**WHAT THE TASK ASKS**
Within the entries below, output exactly the lines between the line containing "www wahl com clippers" and the line containing "The Citrobacter rodentium", inclusive, and omit any picture.

**EXCERPTED DATA**
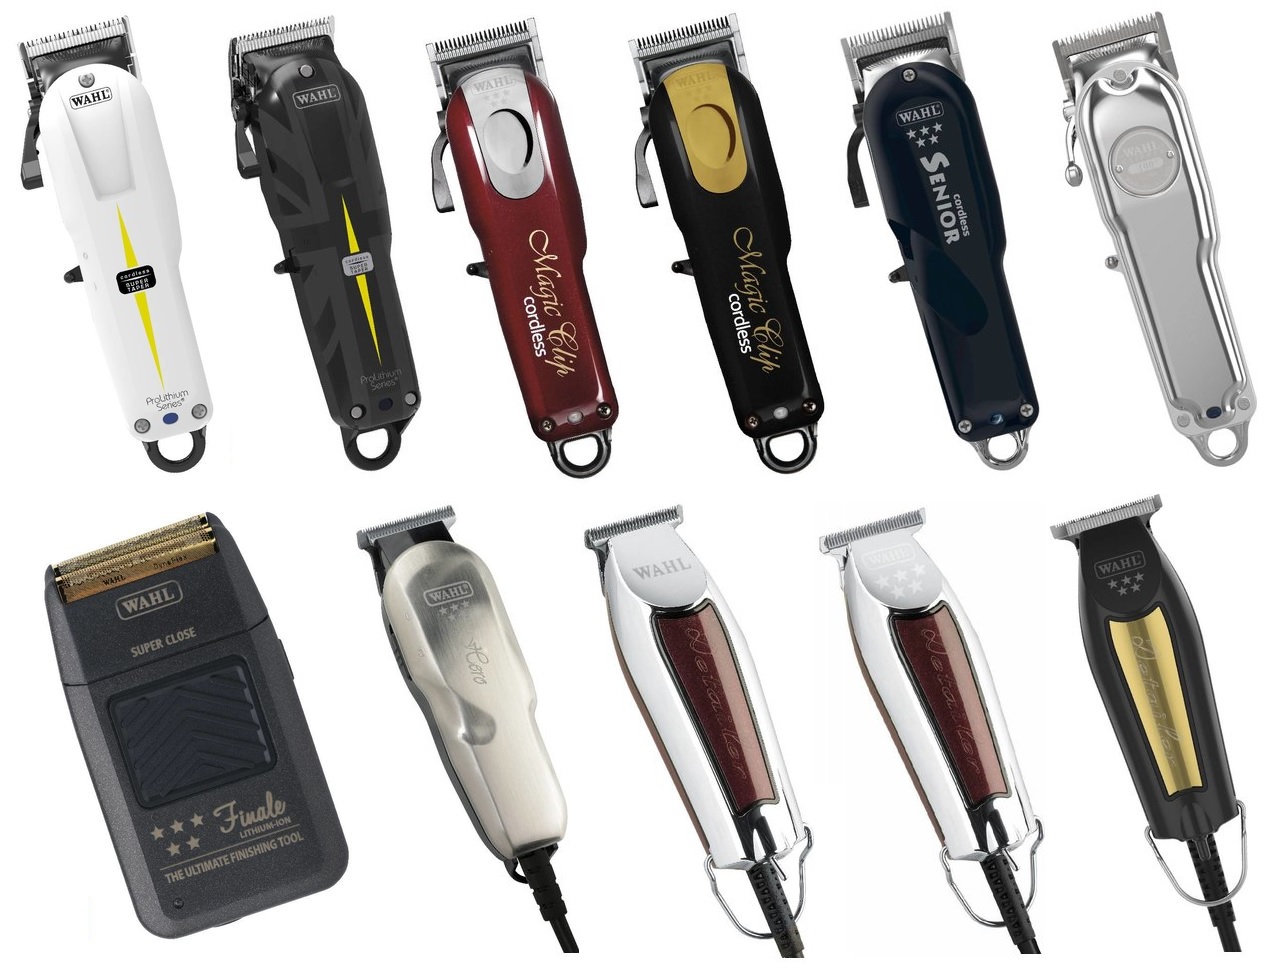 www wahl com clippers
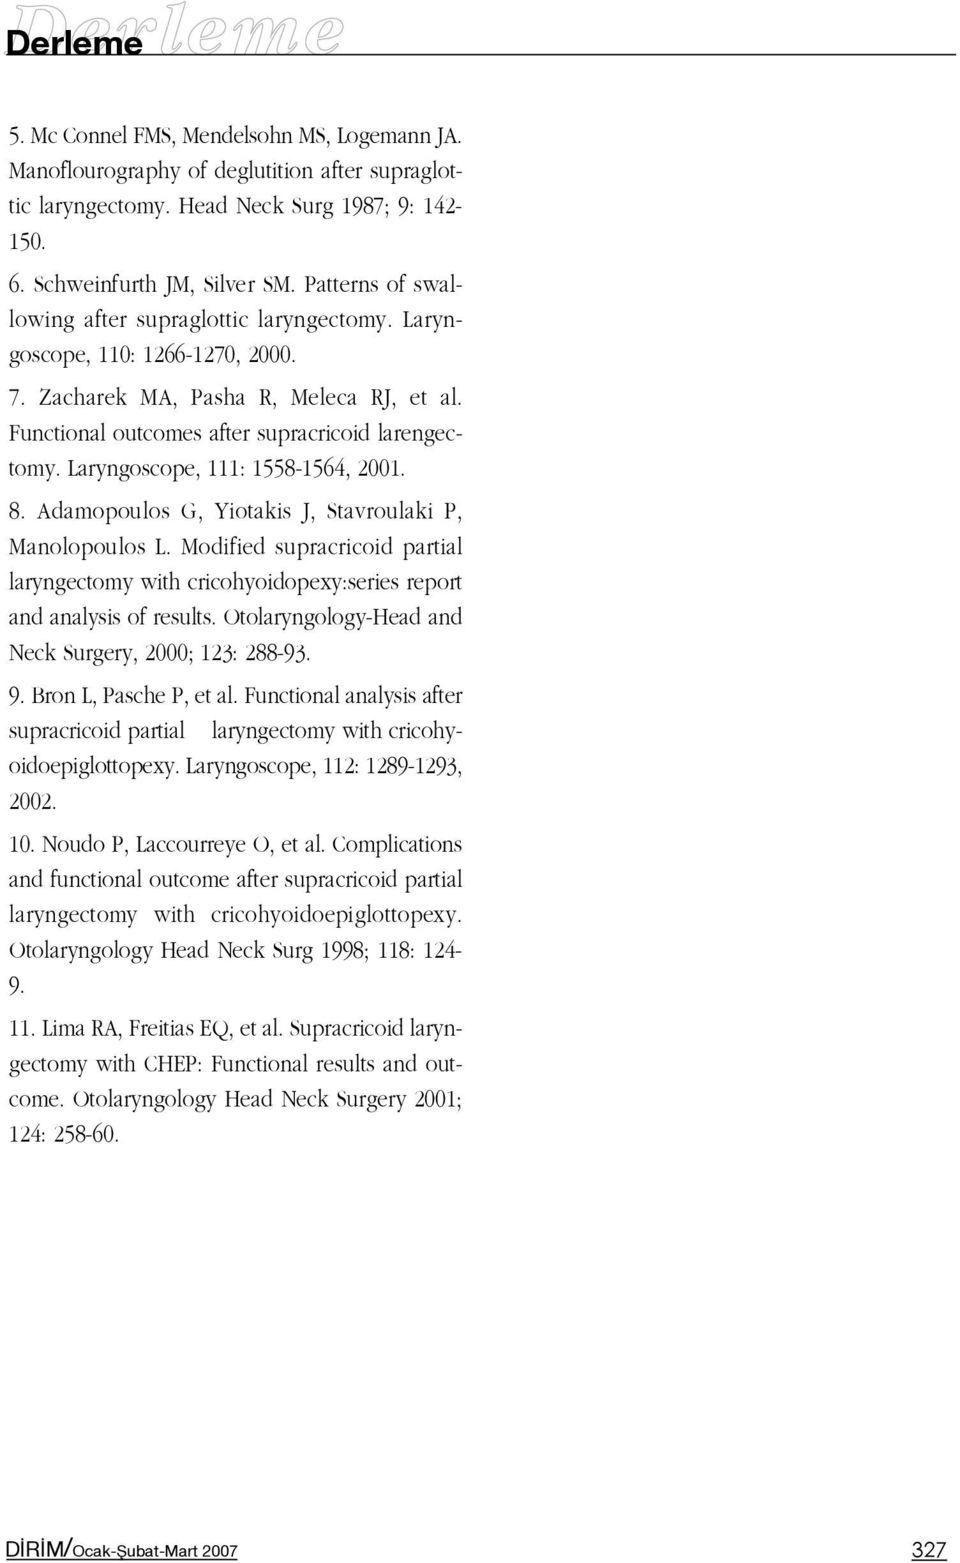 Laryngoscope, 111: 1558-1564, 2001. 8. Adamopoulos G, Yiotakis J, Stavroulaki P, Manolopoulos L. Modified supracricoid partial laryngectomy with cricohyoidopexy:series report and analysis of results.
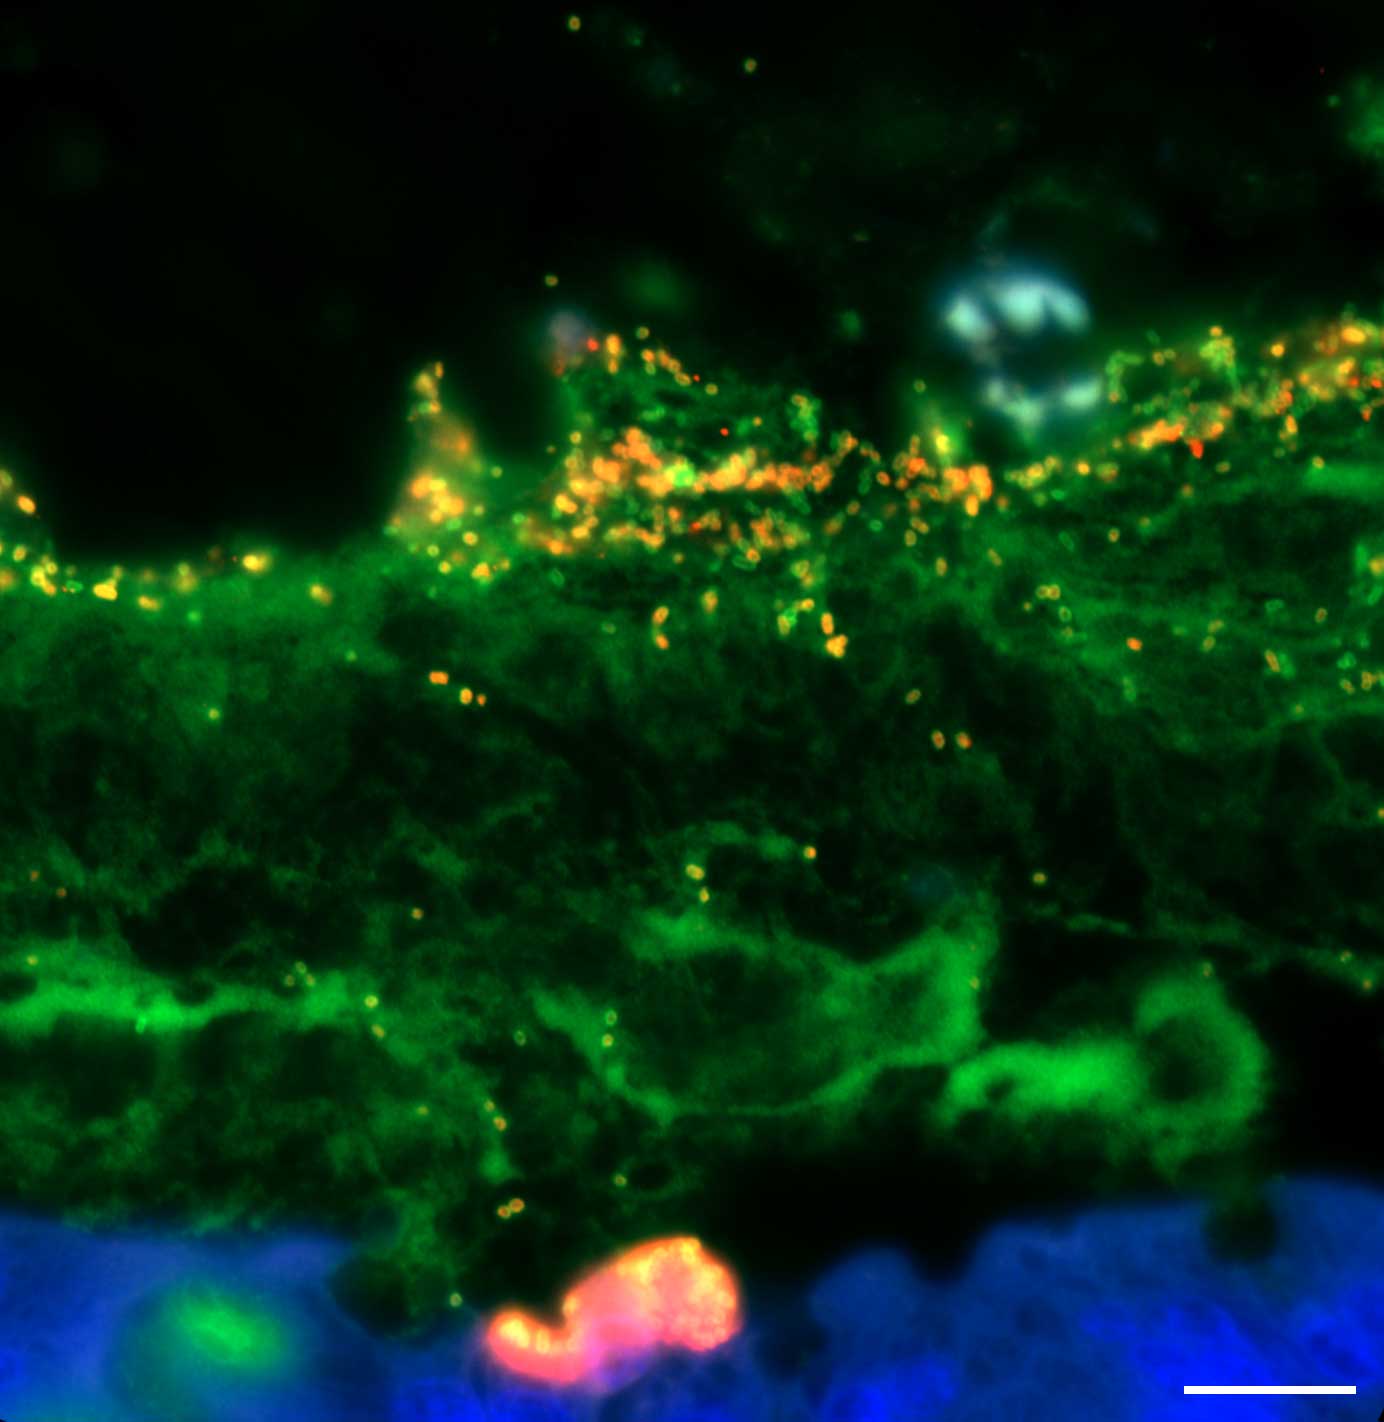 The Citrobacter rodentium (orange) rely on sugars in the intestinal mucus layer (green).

--

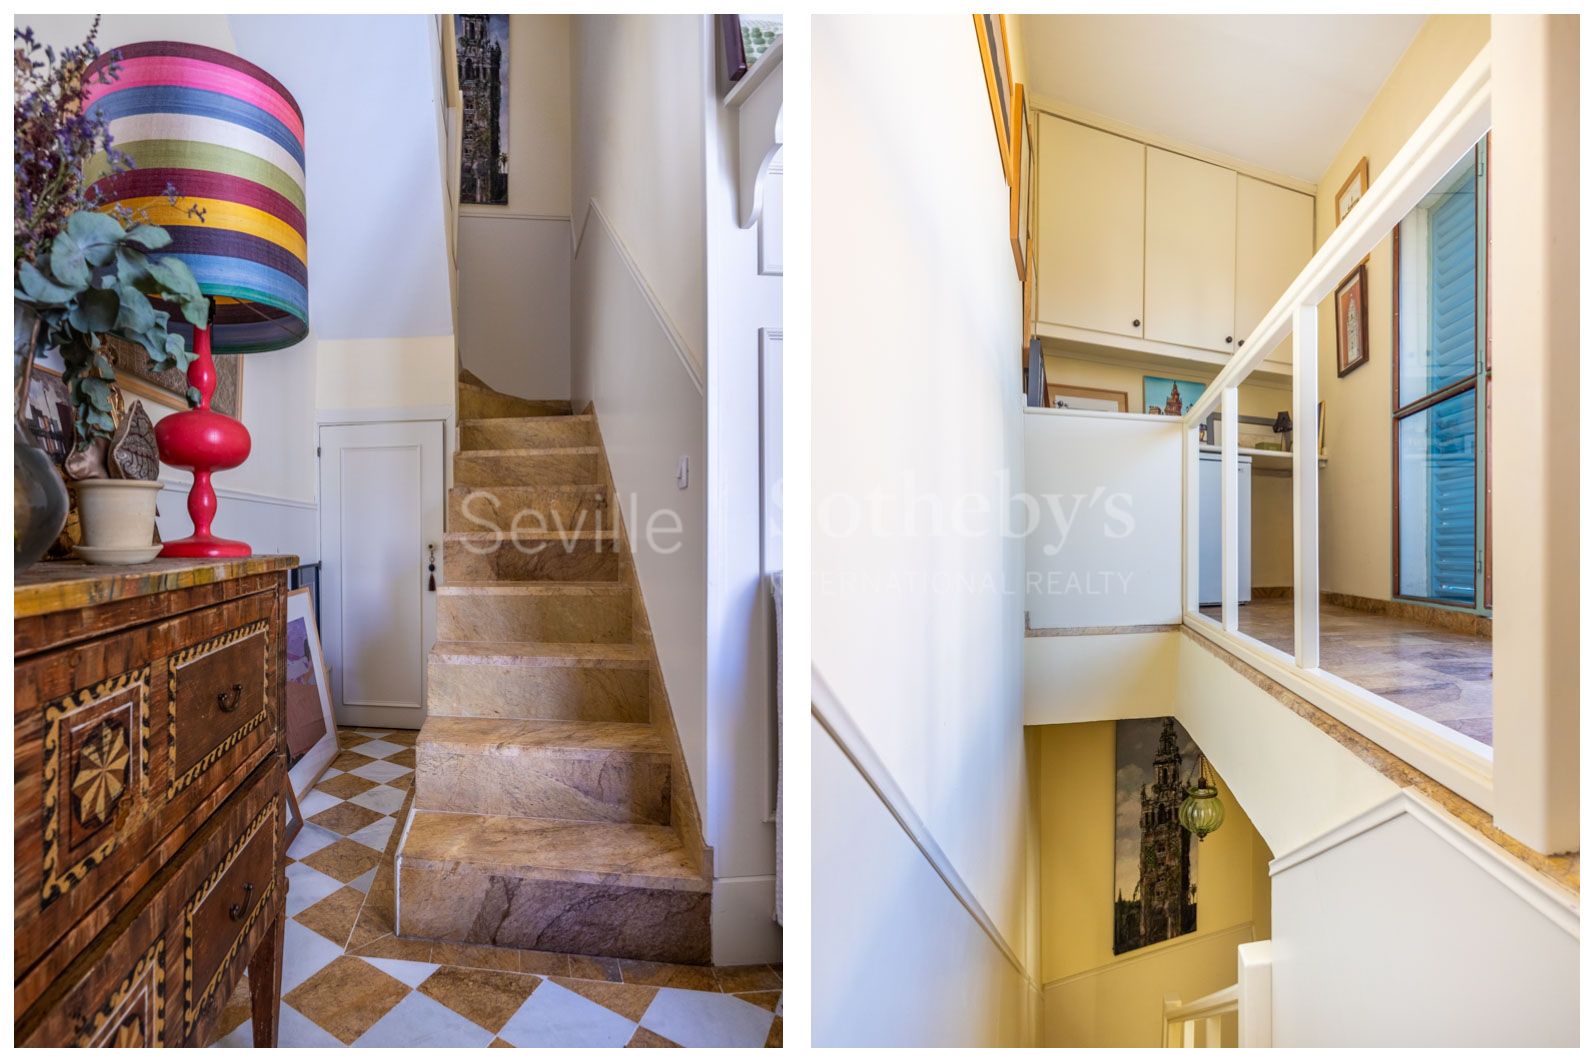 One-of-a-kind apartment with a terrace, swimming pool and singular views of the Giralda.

**TASK OUTPUT**
 www wahl com clippers
 Laryngoscope, 111: 1558-1564, 2001. 8. Adamopoulos G, Yiotakis J, Stavroulaki P, Manolopoulos L. Modified supracricoid partial laryngectomy with cricohyoidopexy:series report and analysis of results.
 The Citrobacter rodentium (orange) rely on sugars in the intestinal mucus layer (green).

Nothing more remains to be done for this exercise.